When Giotto met Comet Halley 30 years ago – Watch!

This week, scientists are celebrating the 30th anniversary of Giotto spacecraft’s close encounter with Comet Halley.

When Giotto met Comet Halley 30 years ago – Watch!
Image credit: Wikipedia

New Delhi: 30 years ago, the European Space Agency (ESA)’s Giotto flew by and studied Comet Halley and thus it became the first ever spacecraft to make close up observations of a comet.

On the night of 13-14 March 1986, the robotic spacecraft flew to within a mere 596 km of the Comet Halley revealing for the first time how a cometary nucleus looks up close.

Watch the video of the Giotto's historic flyby of the comet below:

Video credit: Our Universe Visualized/YouTube

It is said that images of the comet Halley's nucleus obtained by the Halley Multicolour Camera on board Giotto spacecraft were processed to produce the above video sequence depicting the close fly-by of the comet on March 14, 1986.

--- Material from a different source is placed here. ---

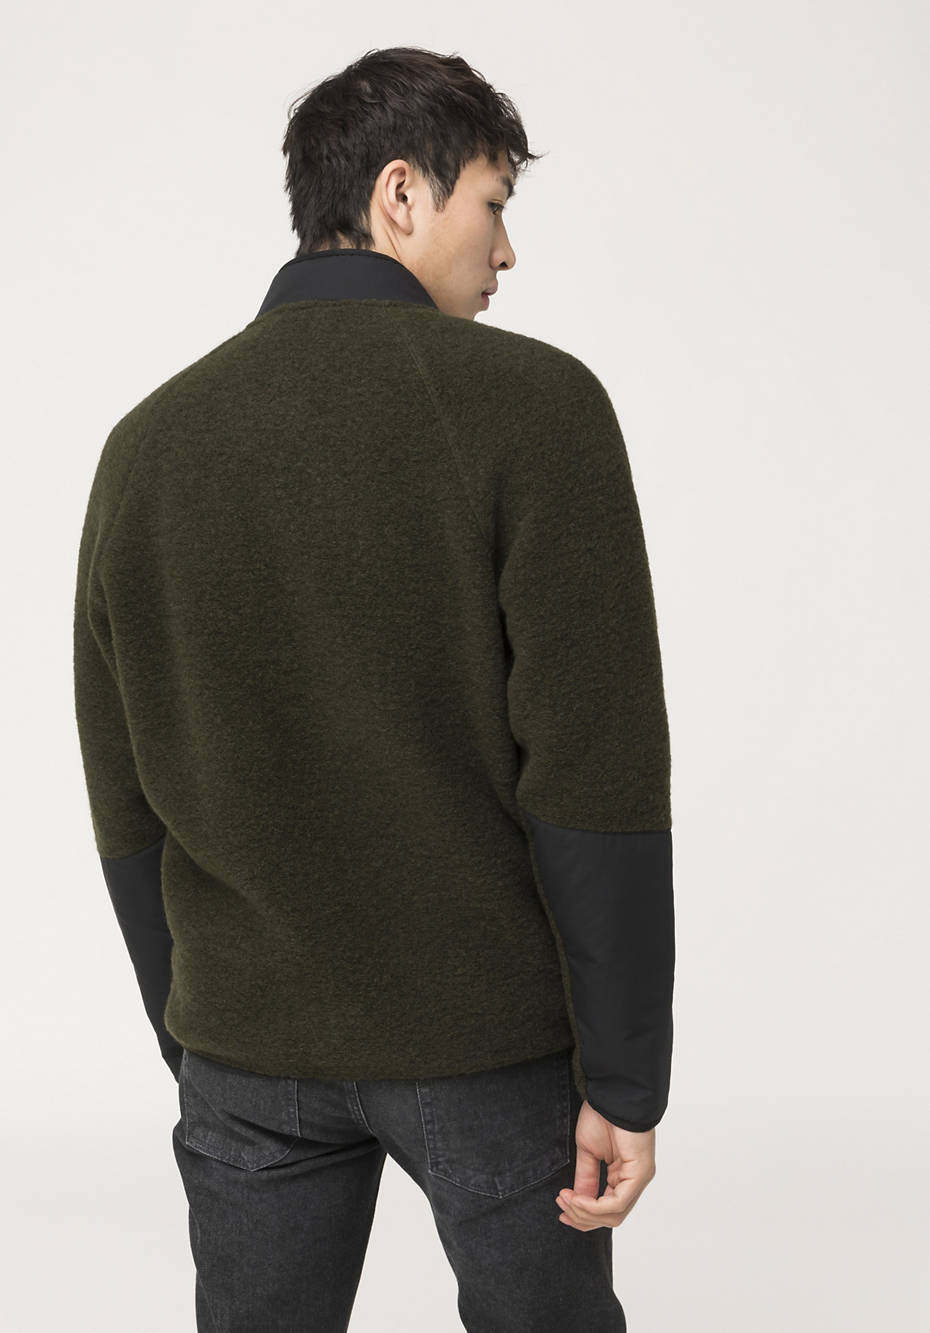 Wool jacket made from organic merino wool with organic cotton

As scientists analysed the unique images and data from Giotto, they were also thinking ahead, laying the foundations of a future project that would evolve into Rosetta mission, wrote ESA in a blog post.

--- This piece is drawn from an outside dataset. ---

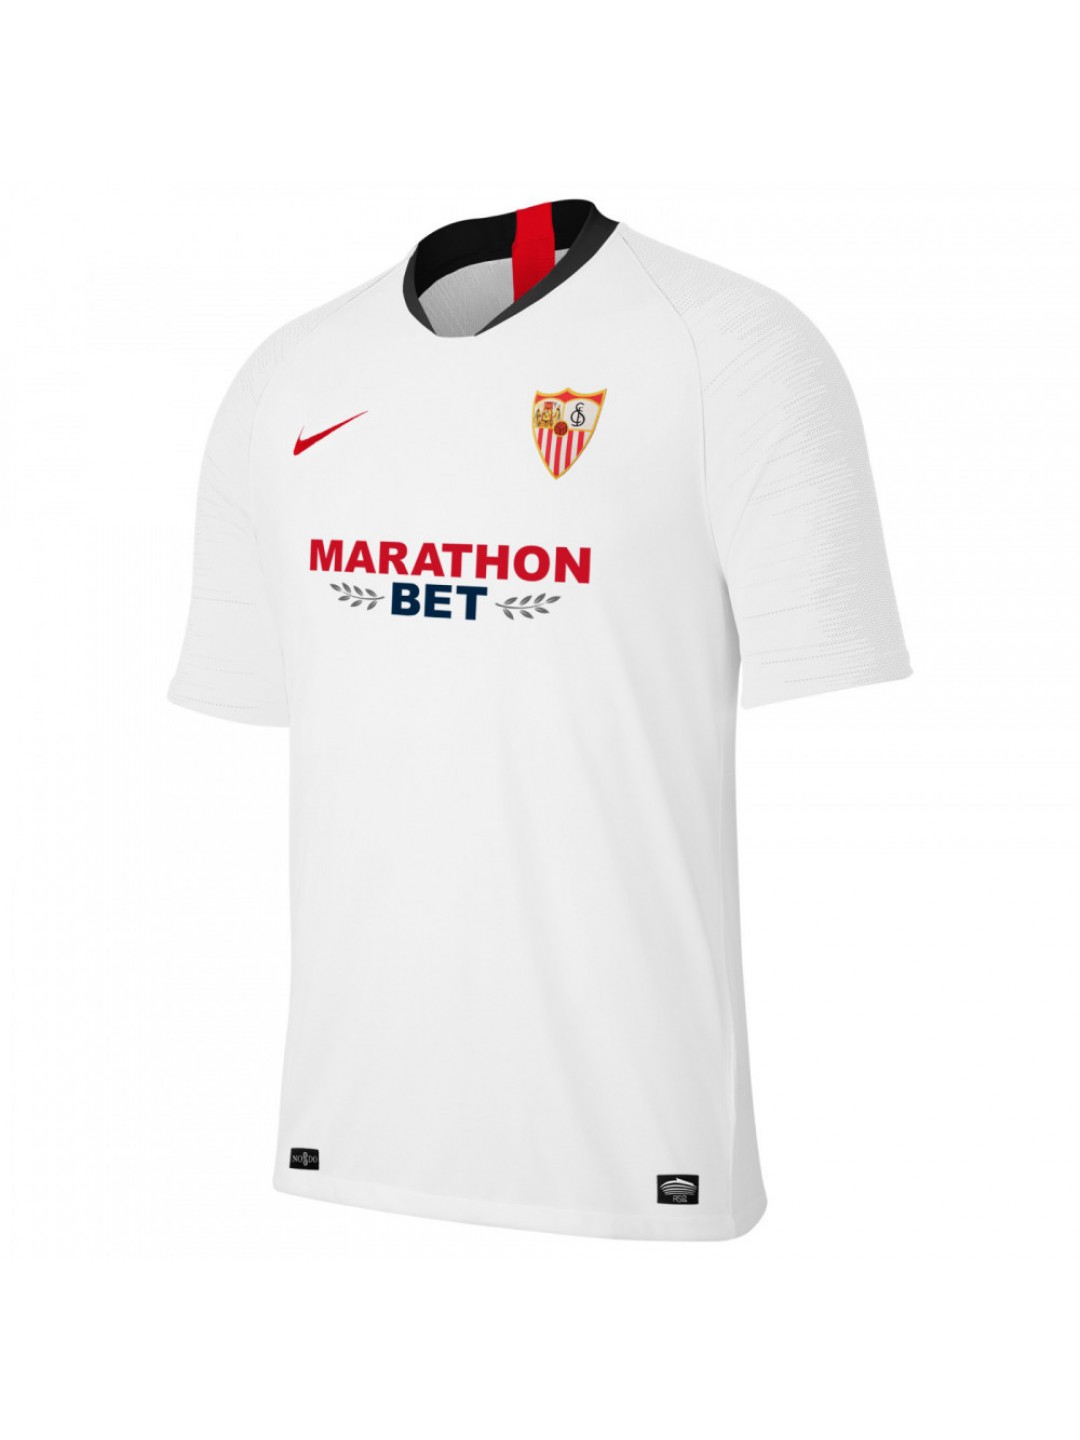 Comprar Camiseta Sevilla FC 2019/2020 Baratas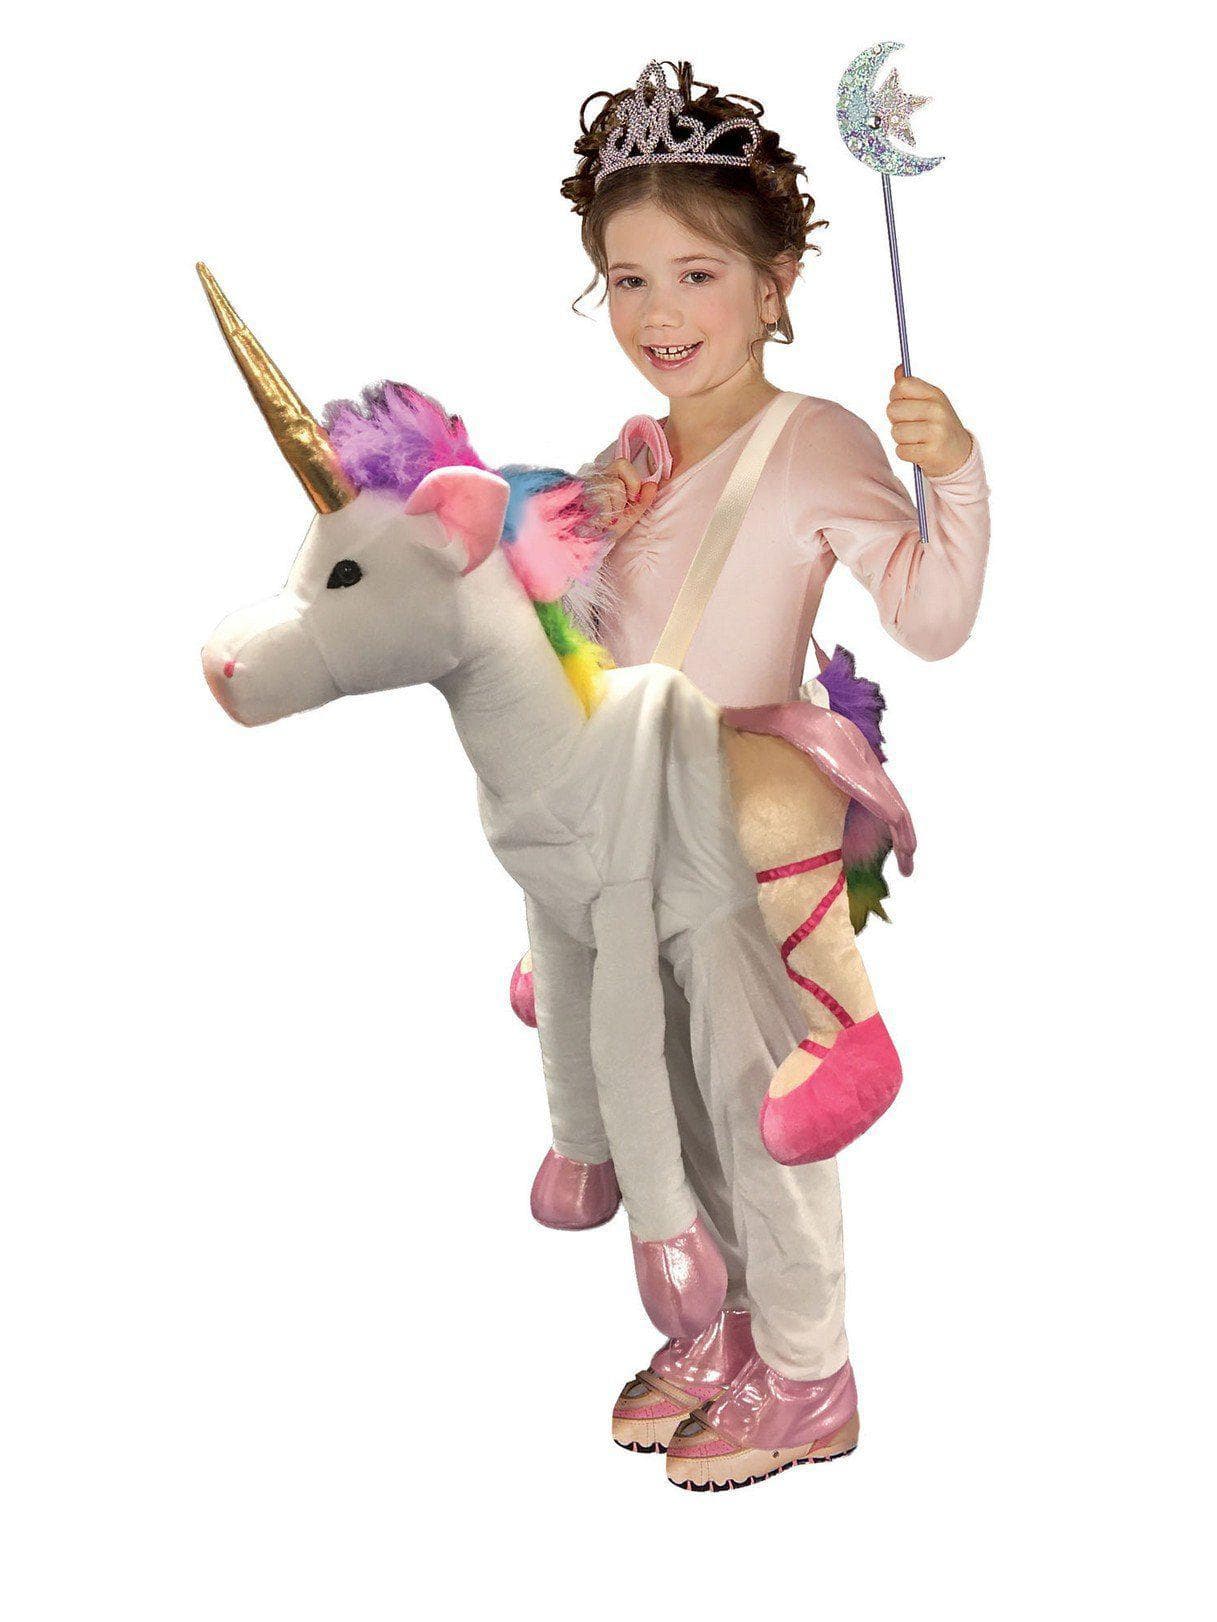 Kid's Ride On Unicorn Costume - costumes.com

ESA's Rosetta reached Comet 67P/Churyumov-Gerasimenko in 2014, orbiting the comet and deploying the Philae lander.

In August 2015, Rosetta escorted the comet as they passed perihelion - the closest point to the Sun along their orbit, and will continue close-up studies until the end of September 2016, when it will be guided into a controlled impact on the surface.

This week, scientists are celebrating the 30th anniversary of Giotto’s close encounter with Comet Halley, as well as the continuing investigations by Rosetta, at the 50th ESLAB Symposium “From Giotto to Rosetta,” in Leiden, the Netherlands.